En el verano de 1913, la sombra que se cierne sobre Almond Hill está a punto de cambiar el destino de sus moradores. Richard Davenport, conde de Barton, no pasa por el mejor de sus momentos desde que su esposa murió y lo dejó al cargo de sus dos hijas, Mary Elisabeth y Mary Ellen. Acosado por las deudas y por la ladina gestión de su sobrino Charles, acepta la oferta de casar a su hija mayor con John Lowell, un rico burgués sin título aristocrático. Casada por poderes y sin haber conocido a su esposo, Mary Elisabeth deja el hogar de su infancia para instalarse en la casa londinense de su marido. Por primera vez sola, Mary supera todos sus miedos para ponerse al frente de su nuevo hogar mientras espera el regreso del misterioso John Lowell. En un Londres inquieto por la inminente guerra y agitado por las reivindicaciones de las suffragettes, Mary está a punto de descubrir que su voluntad y su corazón pueden cambiar cualquier destino.

«—Sabe que lo que usted quiera no tiene importancia, ¿verdad?
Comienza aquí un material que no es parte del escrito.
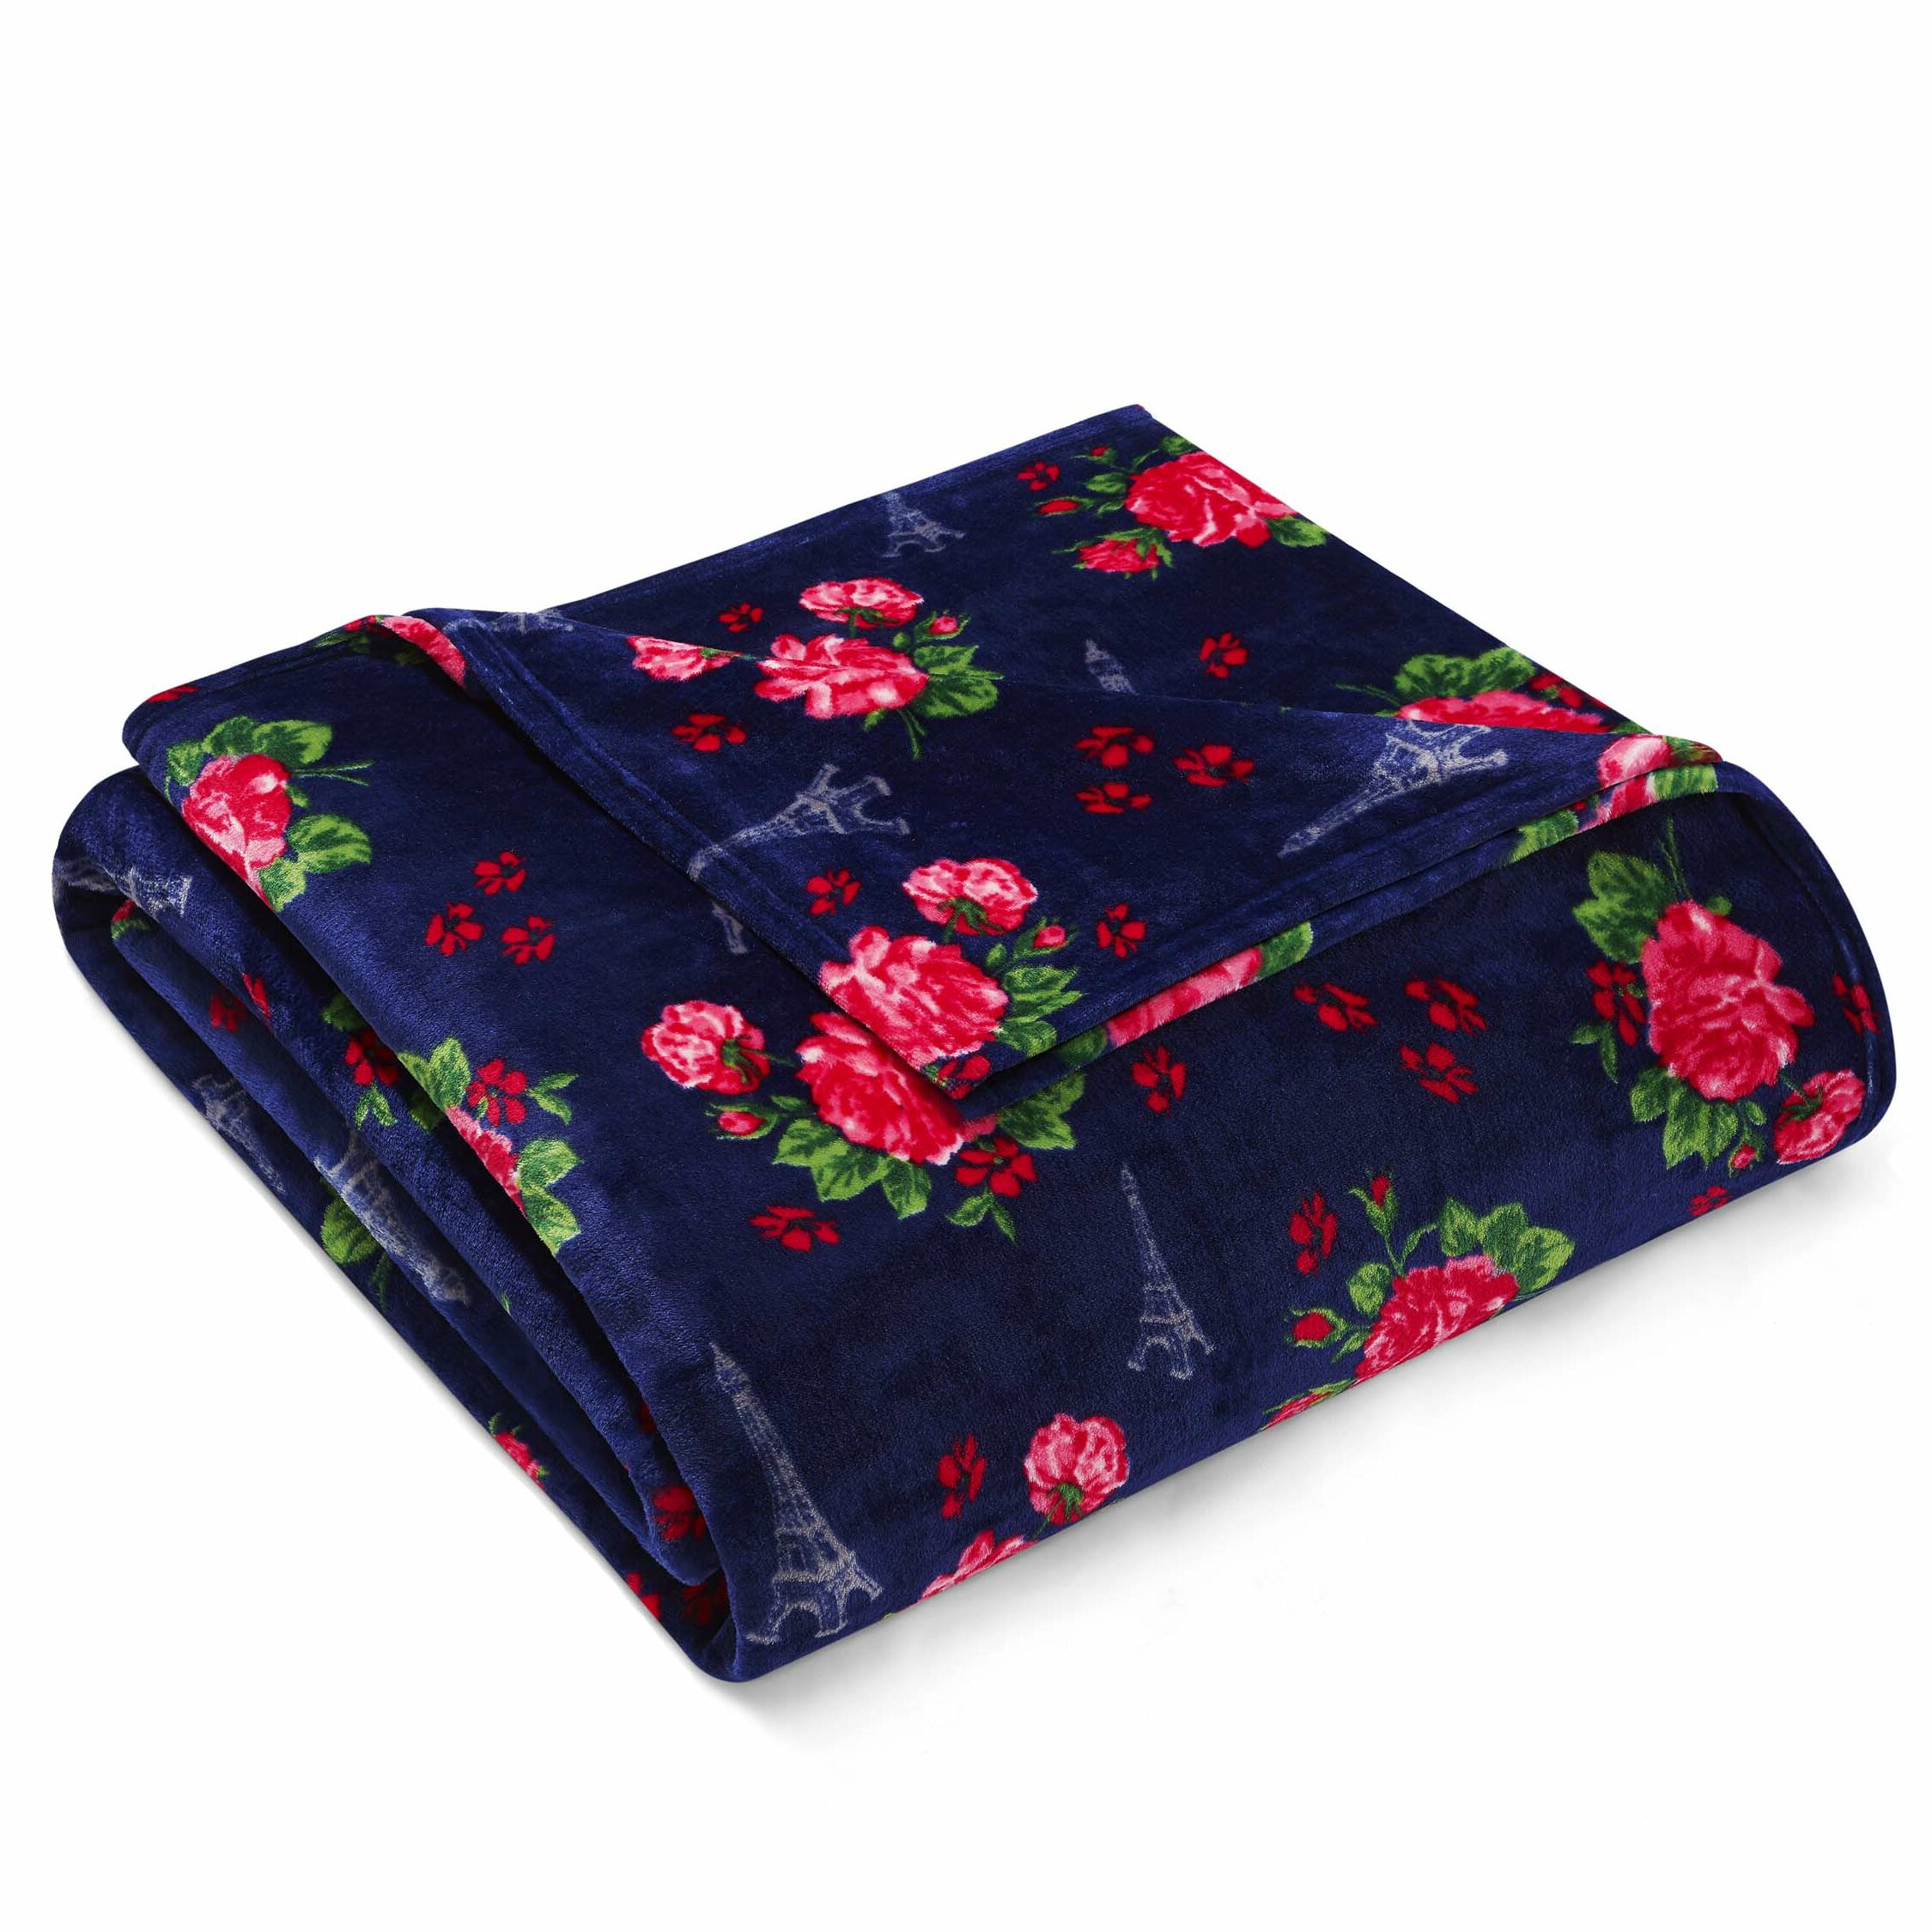 https://assets.wfcdn.com/im/47912415/compr-r85/6022/60227288/french-floral-ultra-soft-fleece-blanket.jpg

Según están las leyes, tendrá que obedecer los deseos de su esposo (…).
—Sí, lo sé
—¿Está dispuesta a aceptarlo?
—Cada día menos —dijo ella con sinceridad.«

Cuando Mayte me dijo que estaba escribiendo una novela ambientada en Gran Bretaña a principios del siglo XX me admiró su valentía. Pese a la complejidad del género histórico, sabía que haría un excelente trabajo de ambientación, porque Mayte es minuciosa, intuitiva y perspicaz, pero me seguía admirando su versatilidad y su pasión al embarcarse en esta nueva aventura. Reconozcámoslo, lo fácil es no salir de nuestra zona de confort. Al leer por primera vez La Colina del Almendro pensé en lo bonito que era que una autora a la que conocía tan bien volviese a sorprenderme después de tanto tiempo en mi biblioteca.
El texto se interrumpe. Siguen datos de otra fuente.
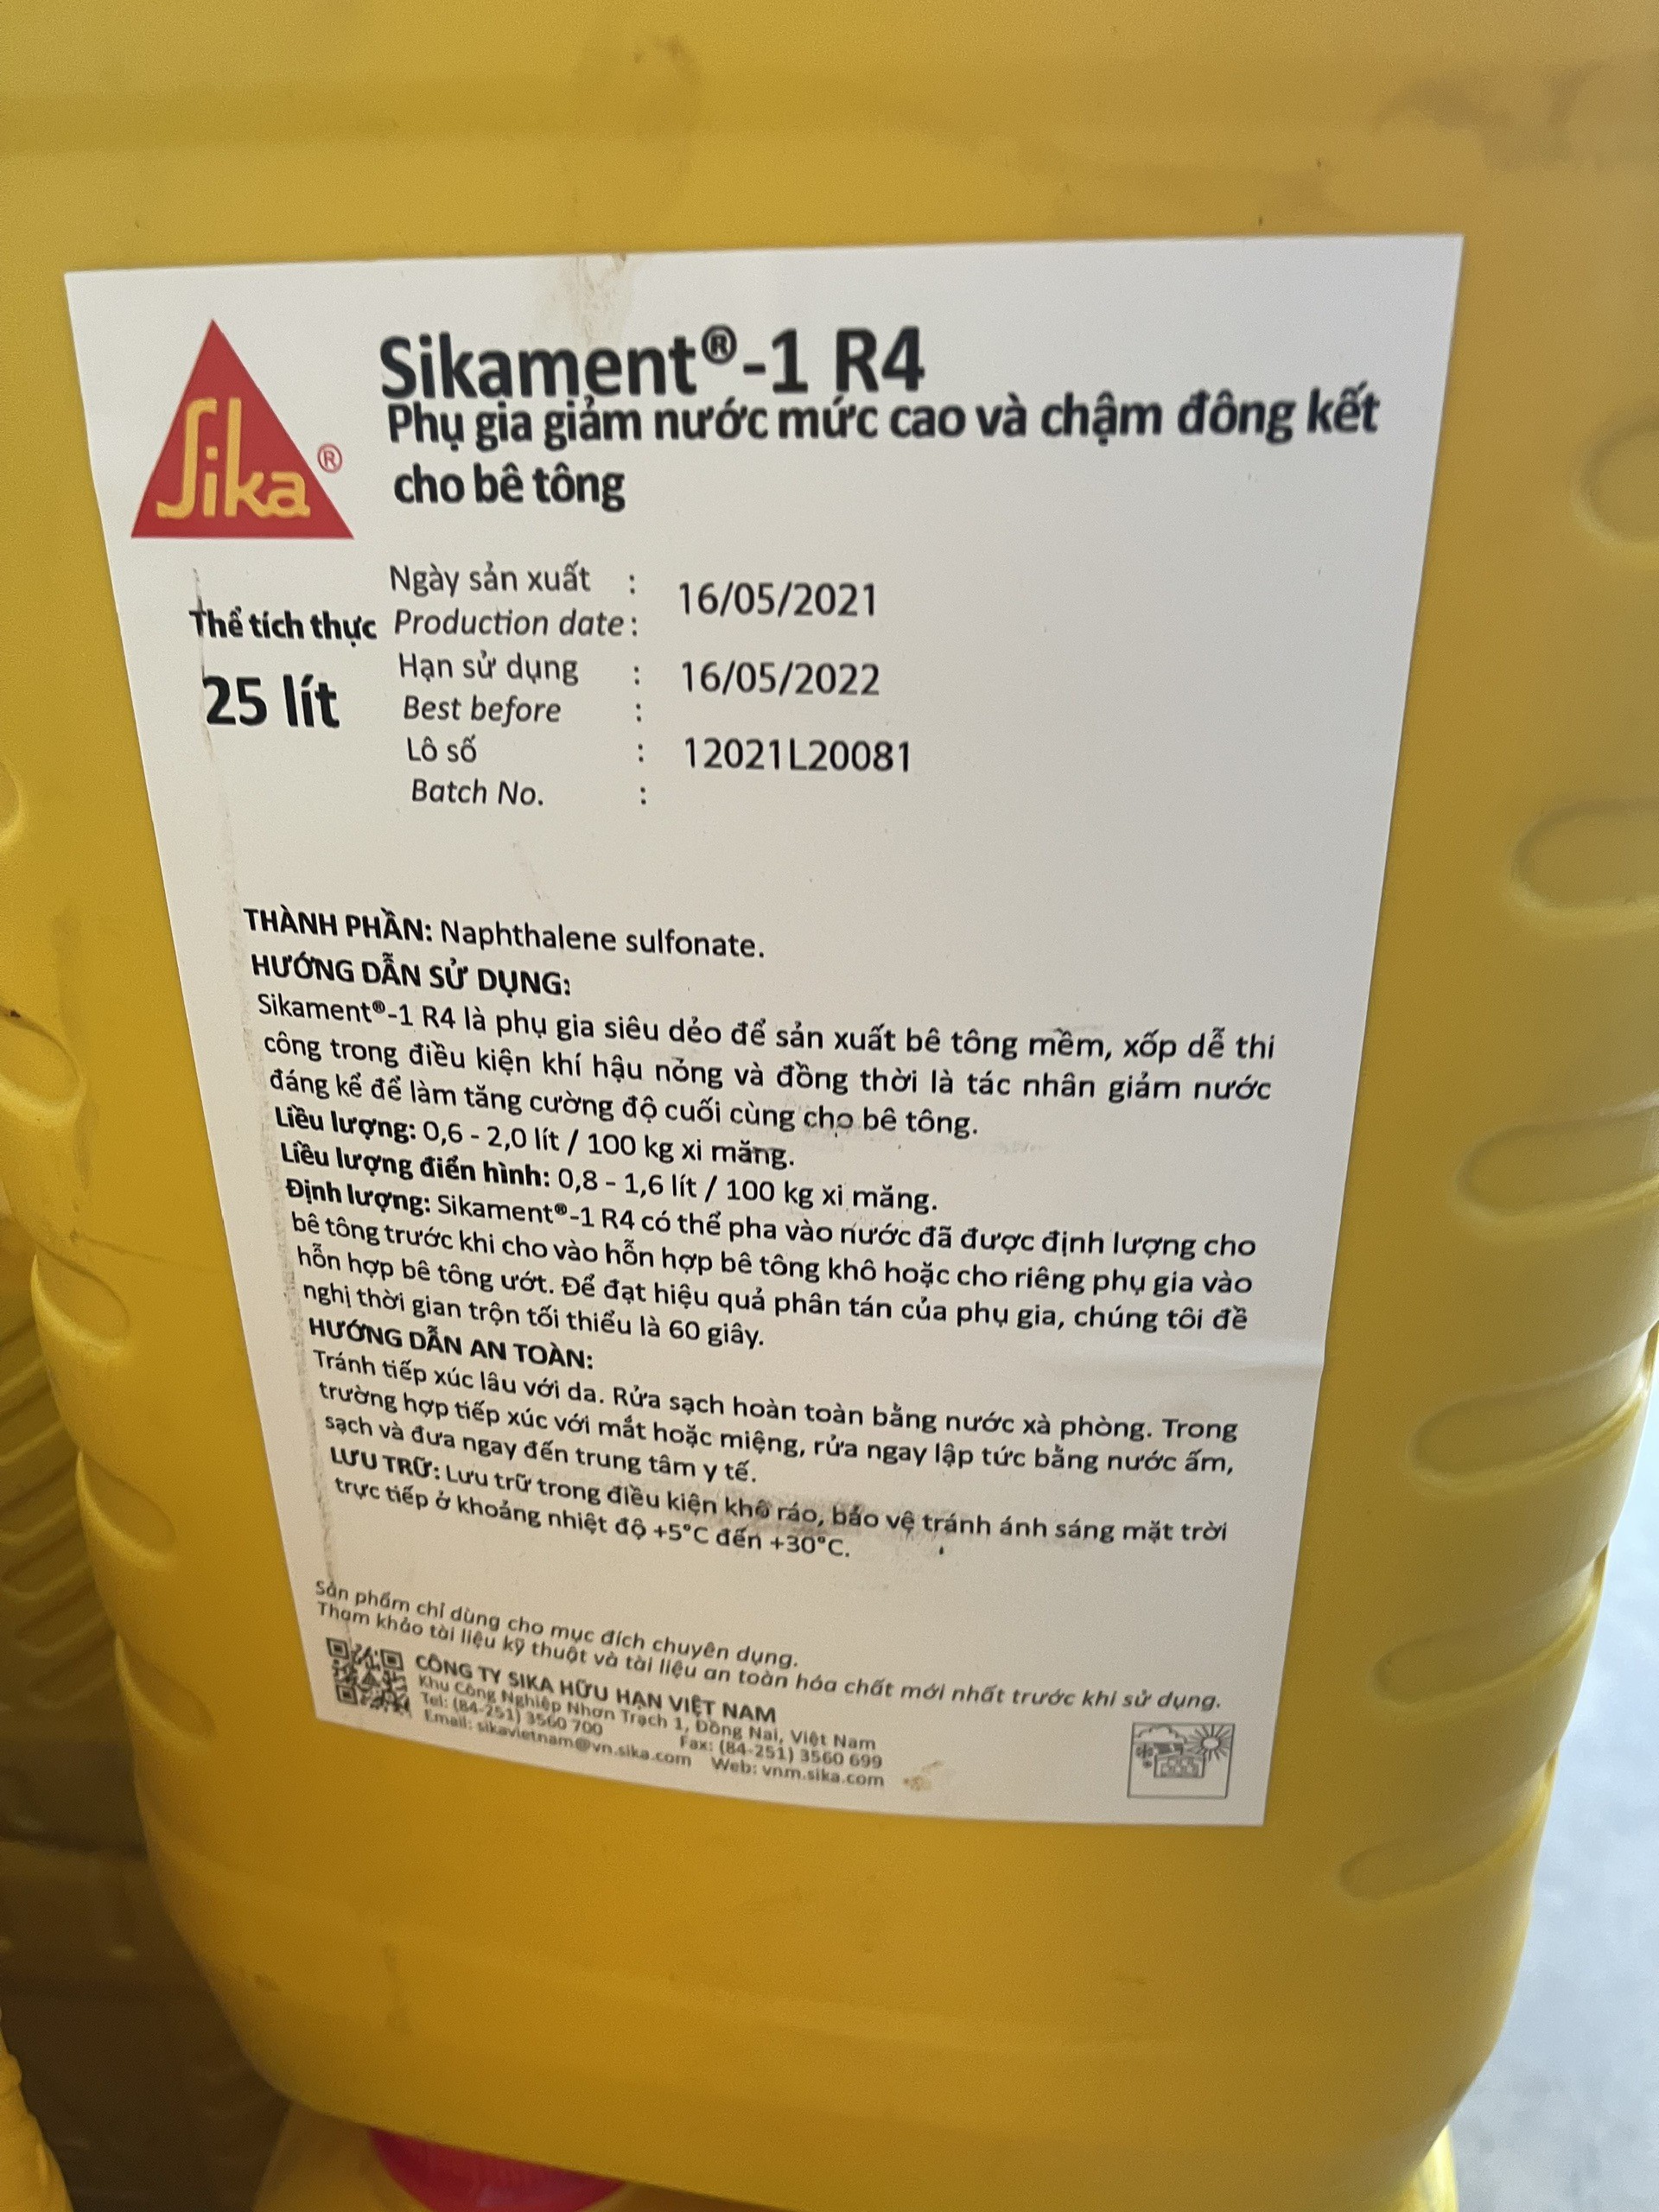 
Sikament R4 là chất phụ gia có hiệu quả cao trong việc kéo dài thời gian ninh kết bê tông

De La Colina del Almendro he disfrutado por sus personajes, por la fluidez de su trama y por la cuidada alternancia de narración y testimonio epistolar, acertadísima para dar autenticidad, emoción y relieve a los protagonistas. Mary es una protagonista que se va abriendo poco a poco y su fuerza de carácter, su evolución, es uno de los puntos más atractivos de la historia. Lejos de caer en tópicos de misterios familiares, Mayte juega hábilmente con esos conflictos familiares (el pasado de Lowell y sus padres o la manipulación de Charles Davenport, por ejemplo) para enriquecer la trama y establecer complicidad con el lector. Me ha encantado ese telón de fondo histórico, ese Londres en ebullición con las protestas feministas (atención a los personajes reales que aparecen en la novela), con los vendedores de periódicos vespertinos, con los obreros de las fábricas, en contraste con la relativa tranquilidad de la campiña de Almond Hill; y la Primera Guerra Mundial, ese terremoto que supuso para Gran Bretaña, el horror de las trincheras del Somme, la brutalidad de un conflicto bélico como nunca habían visto los Europeos. Es en las cartas de Mary y los diarios de guerra de los soldados, tan emocionantes, donde la autora aporta un testimonio íntimo, la voz auténtica y vibrante, el corazón de sus protagonistas.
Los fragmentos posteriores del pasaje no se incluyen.